|Ofsted Inspection Rating||Good|
|Inspection Date||30 January 2018|
|Address||New River Sports Centre, White Hart Lane, London, N22 5QW|
|Number of Pupils||42 (71% boys 29% girls)|
|Percentage Free School Meals||0%|
|Pupils with SEN Support||52.4%|
|Catchment Area Information Available||No|
|Last Distance Offered Information Available||No|
Information about this school
The Footsteps Academy aims to ‘provide students with the necessary tools and skills to build a successful future and to be able to make a positive contribution to their community.’ The Footsteps Academy was founded in 2010 as a Football Academy by the current Principal and CEO. The Footsteps Academy was registered by the Department for Education in February 2015, and this is its second standard inspection. Since the previous inspection, the school no longer operates across three sites, but two. In autumn 2017, trustees assigned one site for the education of girls, and the other for boys. The school is registered to educate up to 80 pupils. There are currently 45 pupils on roll, aged between 12 and 16. Most are referred from local authority secondary schools in the London Boroughs of Haringey, Hackney, Islington and Camden. The Footsteps Academy caters for pupils who have a record of poor behaviour and attitudes or a history of poor attendance. The Footsteps Trust is overseen by a Trustees Committee, and chaired by one of the trustees. The school does not use any alternative provision.
Summary of key findings for parents and pupils
This is a good school Since the previous inspection, leaders have improved the school. As a result, the school provides its pupils with a good education.
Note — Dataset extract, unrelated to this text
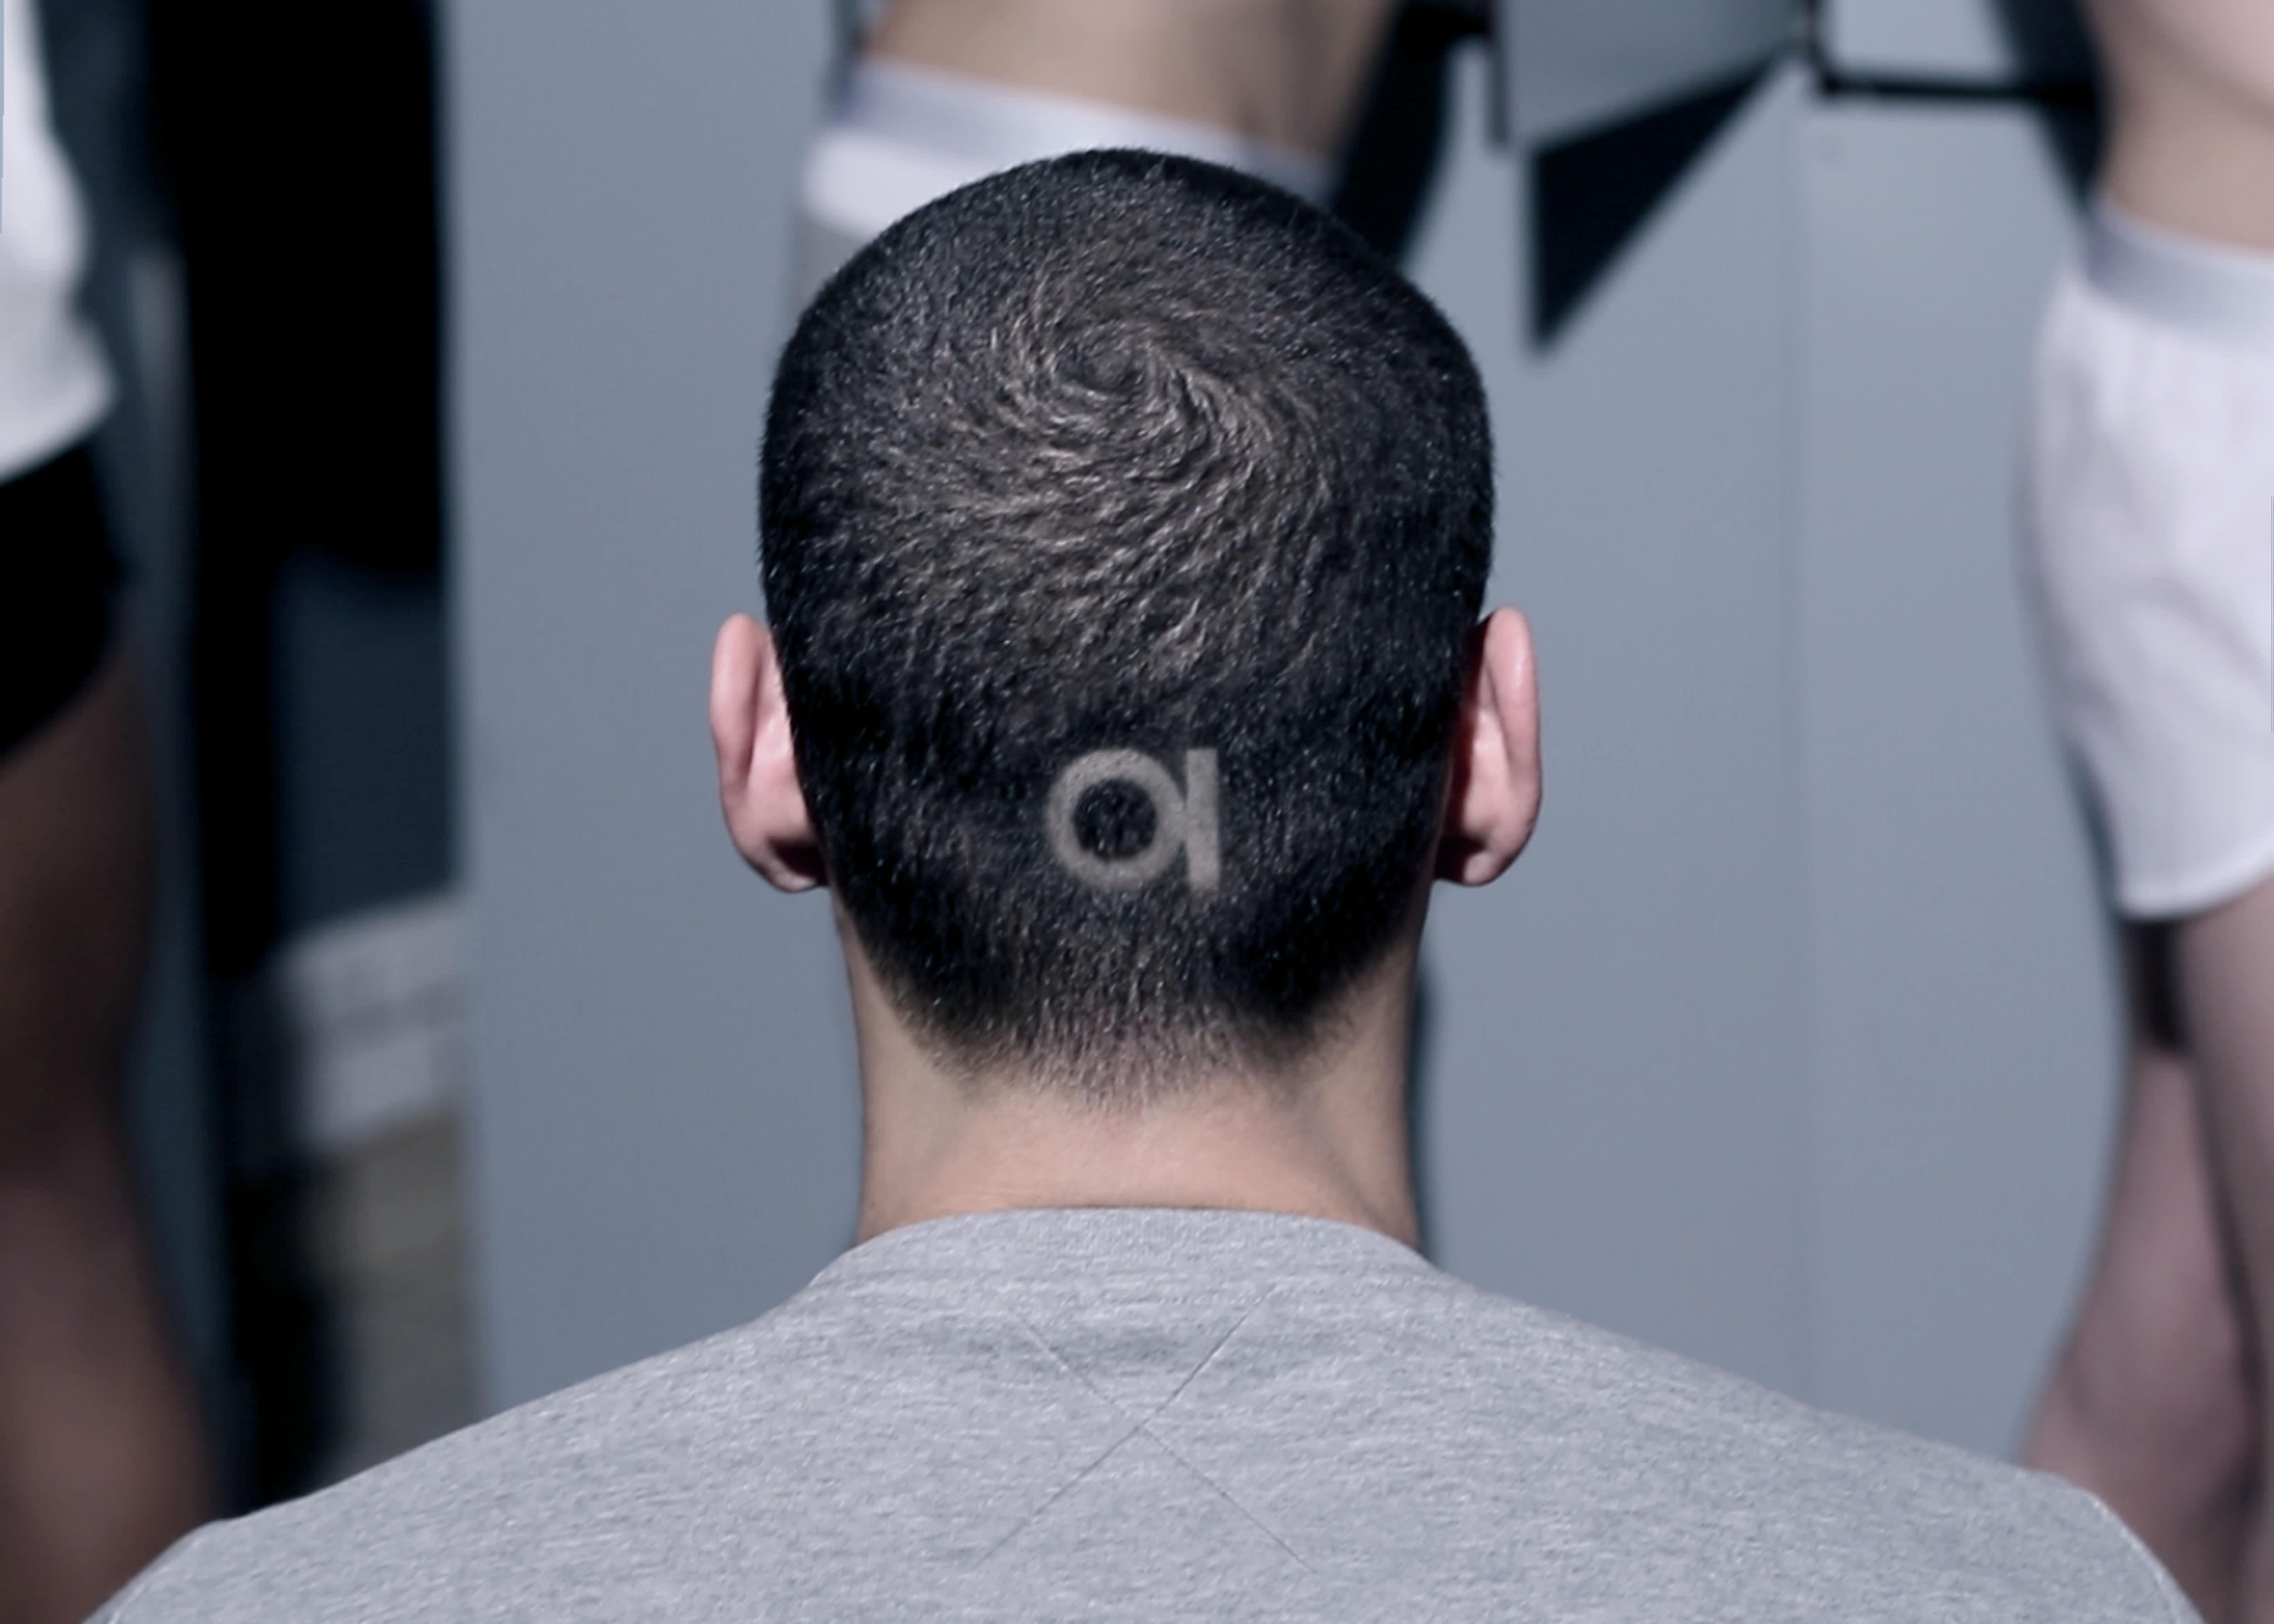 Que signifie ce nouveau logo, ce rond surmonté d'une barre? Il évoque à mes yeux le symbole de l'interrupteur ON/OFF présent aussi bien sur un ordinateur que sur une télévision. Il incarne parfaitement le côté très technologique de mon label avec l'important travail sur les détails métalliques, notamment pour les boutons, et son univers inspiré de l'automobile par les découpes et le minimalisme. Le nom, M.X, lui, fait aussi bien référence à M. X – c'est-à-dire à M. Tout-le-Monde – car je souhaite parler au plus grand nombre, qu'à la notion de désir et d'interdit. La séduction est très présente dans cette première collection, même si elle sait se faire discrète.  M.XMaxime Simoëns devrait ouvrir une boutique à la rentrée dans le Marais à Paris. www.mxparis.fr  Propos recueillis par Thibaut Wychowanok

Teachers use assessment information well to plan learning that helps pupils make good progress from when they join the school. The curriculum provides pupils with a suitable range of subjects that meet their needs. Further, leaders give pupils good-quality career information and guidance. As a result, the vast majority of pupils continue into post-16 education. All members of staff care greatly about the well-being of pupils. They offer pupils much personal mentoring to help them build their self-belief. They encourage them to improve their behaviour, develop positive attitudes to learning and to aspire for successful careers. Through working with a range of agencies, leaders ensure pupils’ well-being and safety. Pupils get on well together in the school and feel safe. They have many opportunities to learn about dangers and how to keep themselves safe. Pupils mostly join this alternative provision with much lower standards than expected for their age. As a result of good pastoral care and teaching, they make good progress in their personal development and academic learning. Pupils attend this school more regularly than they typically did at their previous schools. There are some, however, who do not arrive punctually. They miss learning at the start of the day and this slows their progress. At times, teachers do not set tasks that are challenging enough for the most able pupils. This limits their potential to reach higher standards. Teachers give feedback to pupils in line with the school’s policy. Not enough pupils, however, make the expected improvements to their work. This slows their progress. Teachers regularly set homework to consolidate pupils’ learning. Some pupils do not, however, complete the work. Leaders make sure that all the independent school standards are met. Trustees, however, do not challenge leaders and check regularly on the quality of teaching and pupils’ outcomes. Compliance with regulatory requirements The school meets the requirements of the schedule to the Education (Independent School Standards) Regulations 2014 (‘the independent school standards’) and associated requirements.